* Exercise data
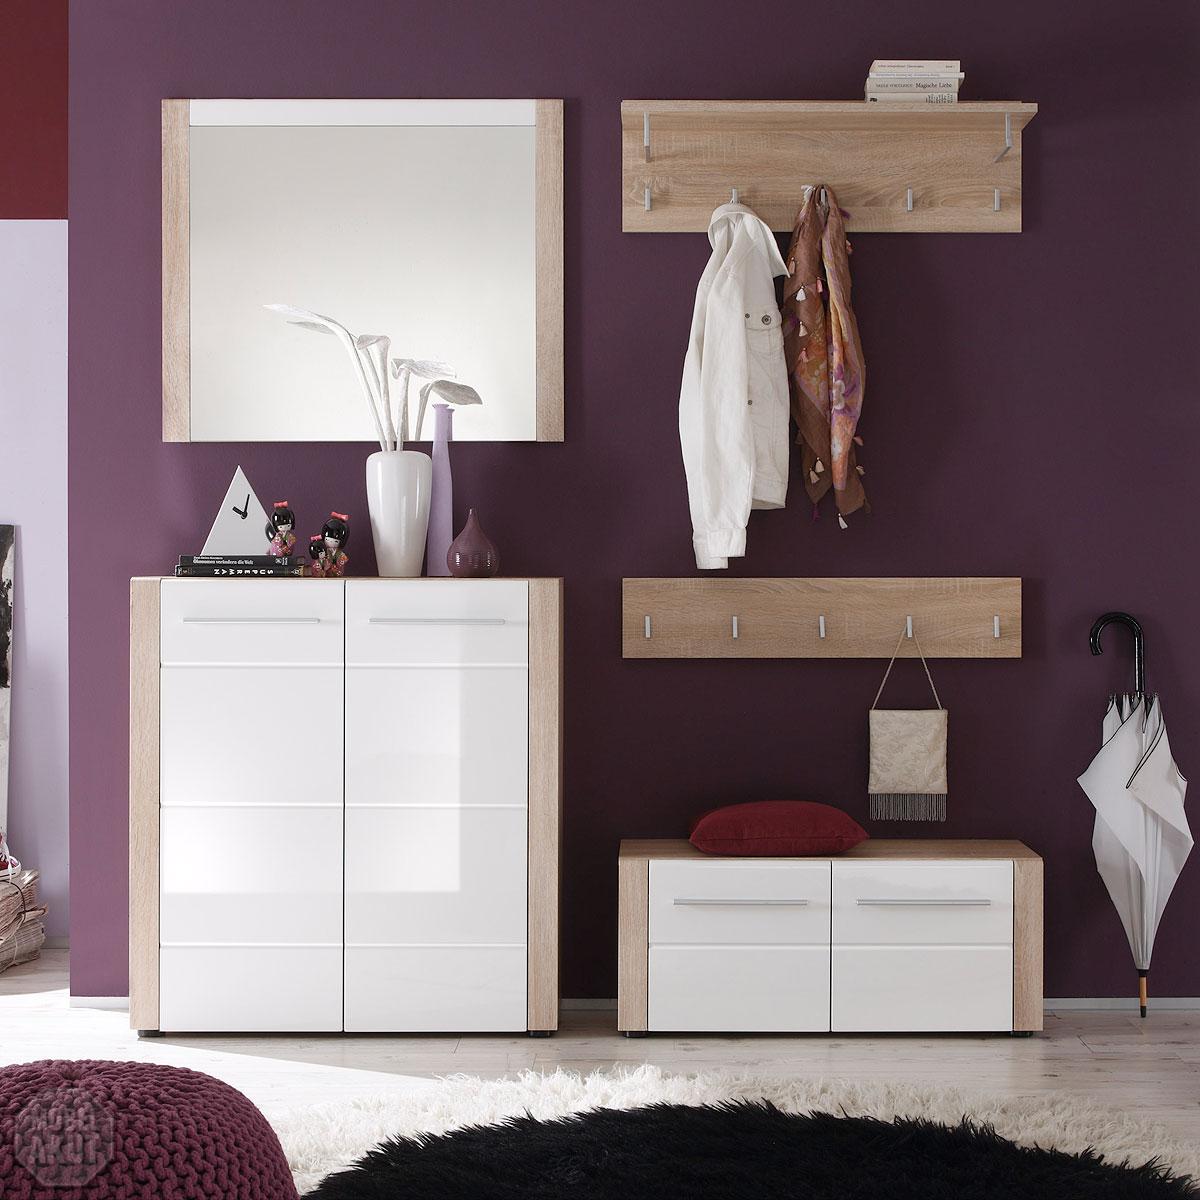 garderobenset ii tila garderobe schuhschrank sonoma eiche s gerau wei hochglanz ebay. Black Bedroom Furniture Sets. Home Design Ideas
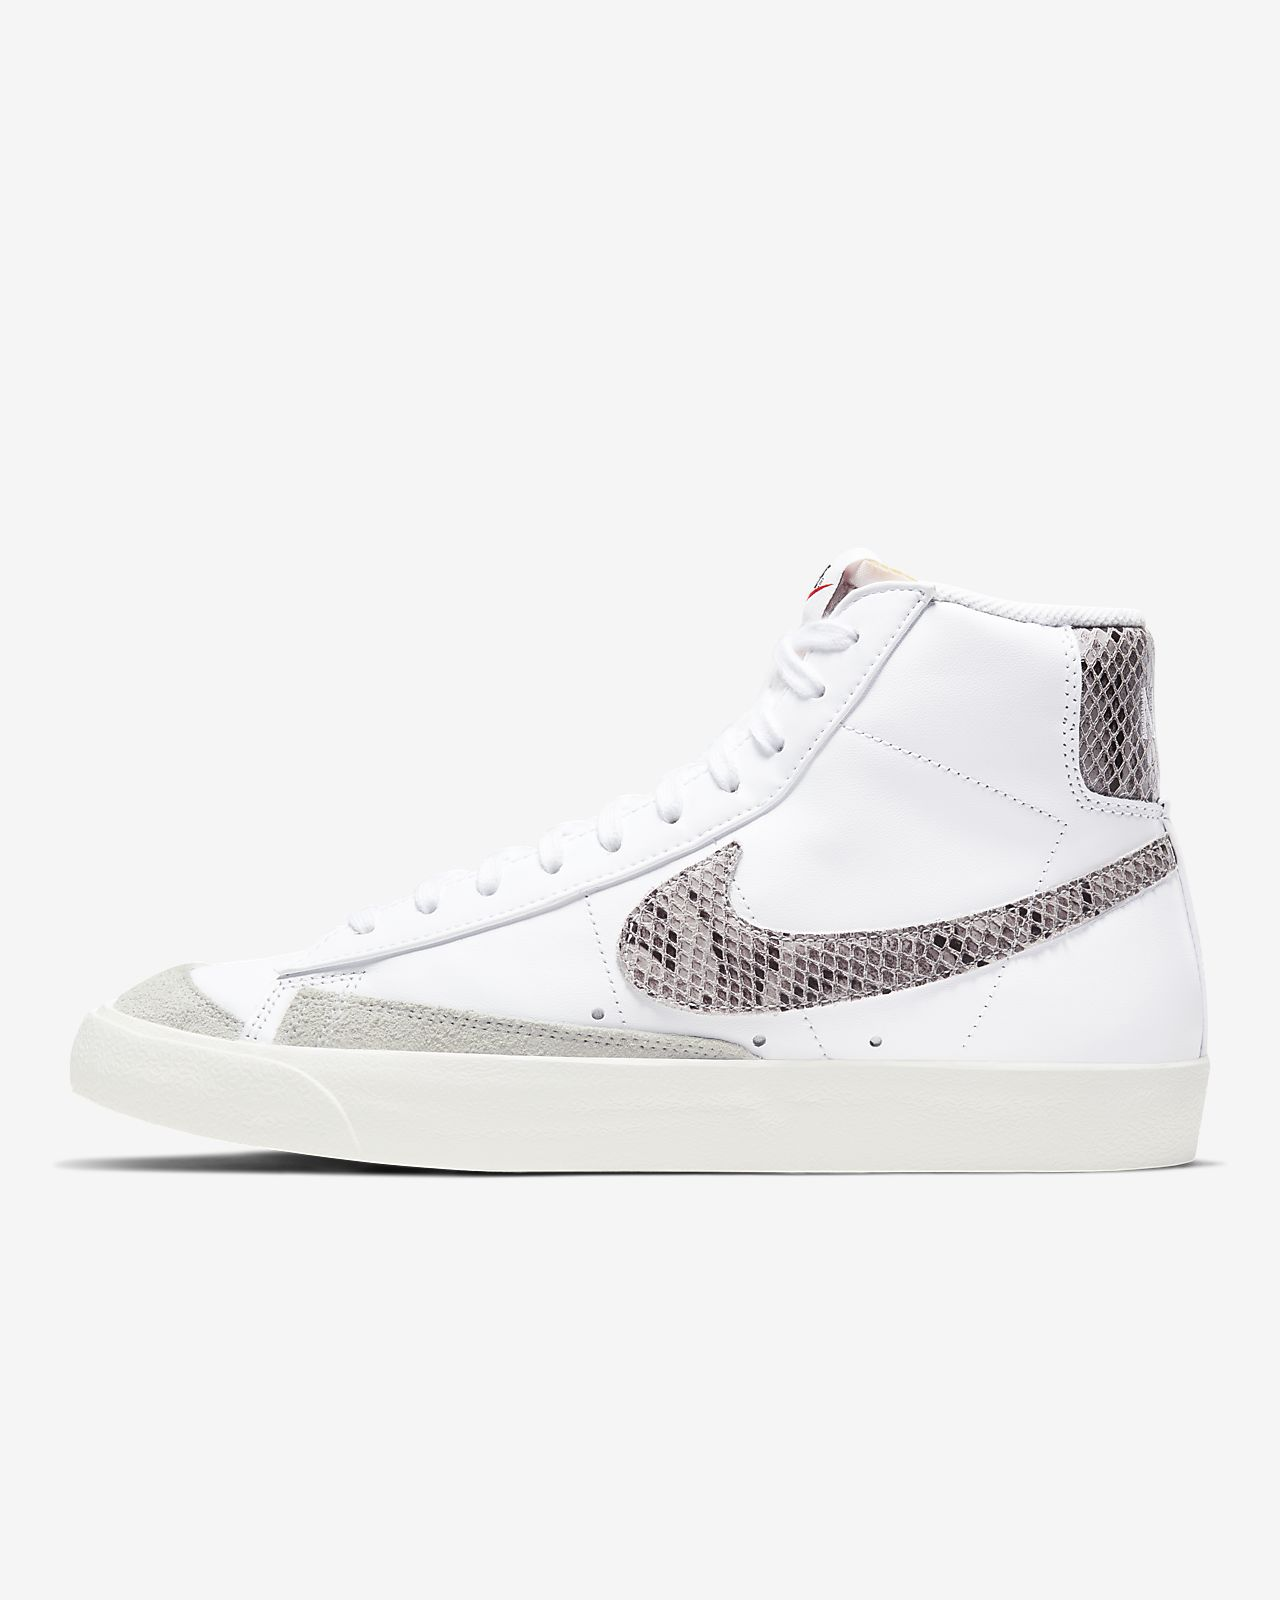 Nike Blazer Mid 77 Vintage Schuh
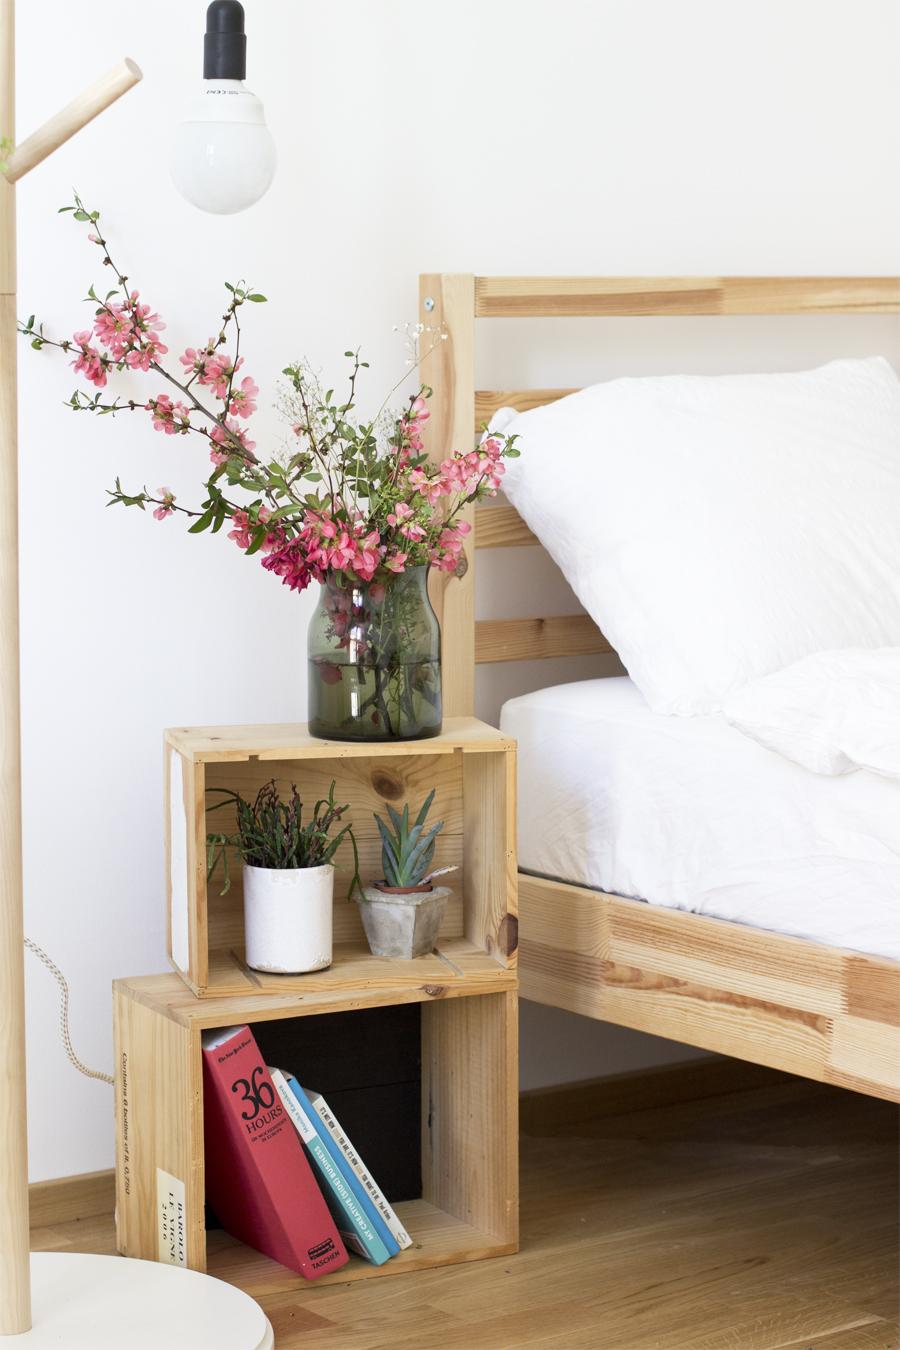 diy-wine-crates-decor-spring-plants
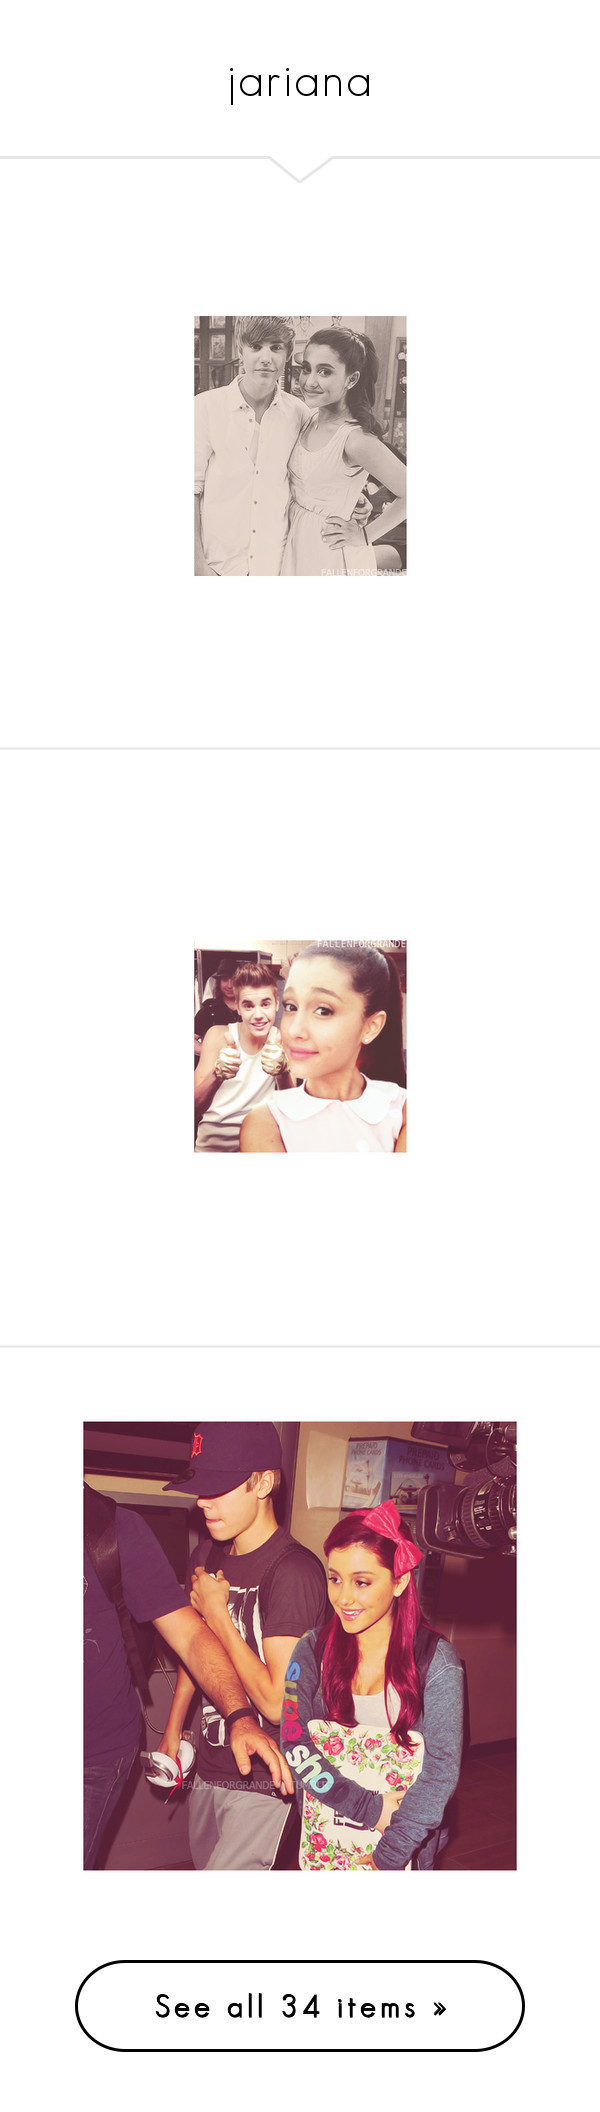 Ariana grande pink dress jimmy  jariana

* Problem to solve
Each line from the one containing "diy-wine-crates-decor-spring-plants" through the last line above should be retyped exactly, and no other line. Any picture is to be left out.

* Exercise answer
 diy-wine-crates-decor-spring-plants
 Ariana grande pink dress jimmy  jariana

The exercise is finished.